Carl Beam was born of Ojibway ancestory at West Bay, a reserve on Manitoulin Island, Ontario. In 1974 he completed a BFA at the University of Victoria, before moving on to graduate studies at the University of Alberta. His extensive work with media such as painting, printmaking and photomontage; the technical innovation of embedding photo emulsion images became his signature style. Beam’s work navigates the boundaries between contemporary non-Native and Native art; he draws upon and speaks to both cultures. Beam’s work is most important for its critical comments on, and appropriation of, history, especially the history of contact between aboriginal and European cultures in North America.

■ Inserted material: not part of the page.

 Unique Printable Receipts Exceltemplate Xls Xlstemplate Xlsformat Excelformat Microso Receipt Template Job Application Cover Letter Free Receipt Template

A second sustained theme in his work is the relationship between nature (emblematic of the fragile yet resilient spiritual world) and technology (emblematic of human will to dominate).

Beam began his multimedia Columbus project in anticipation of celebrations marking the 500th anniversary of the European “discovery” of the New World. In Columbus Chronos, he combines a portrait of Columbus with an image of bees. In the piece, Columbus can be understood as a symbol of colonialism and oppression, while the bees may be interpreted as either representing the spirit of cooperative endeavour or as a dangerous swarm.

 
Beam, Carl
M'Chigeeng ON 1943-M'Chigeeng ON 2005 KV:4409
Columbus Chronos
1988
ink, acrylic on paper
height / width: 154.00 x 104.00 cm; 60.63 x 40.94 in.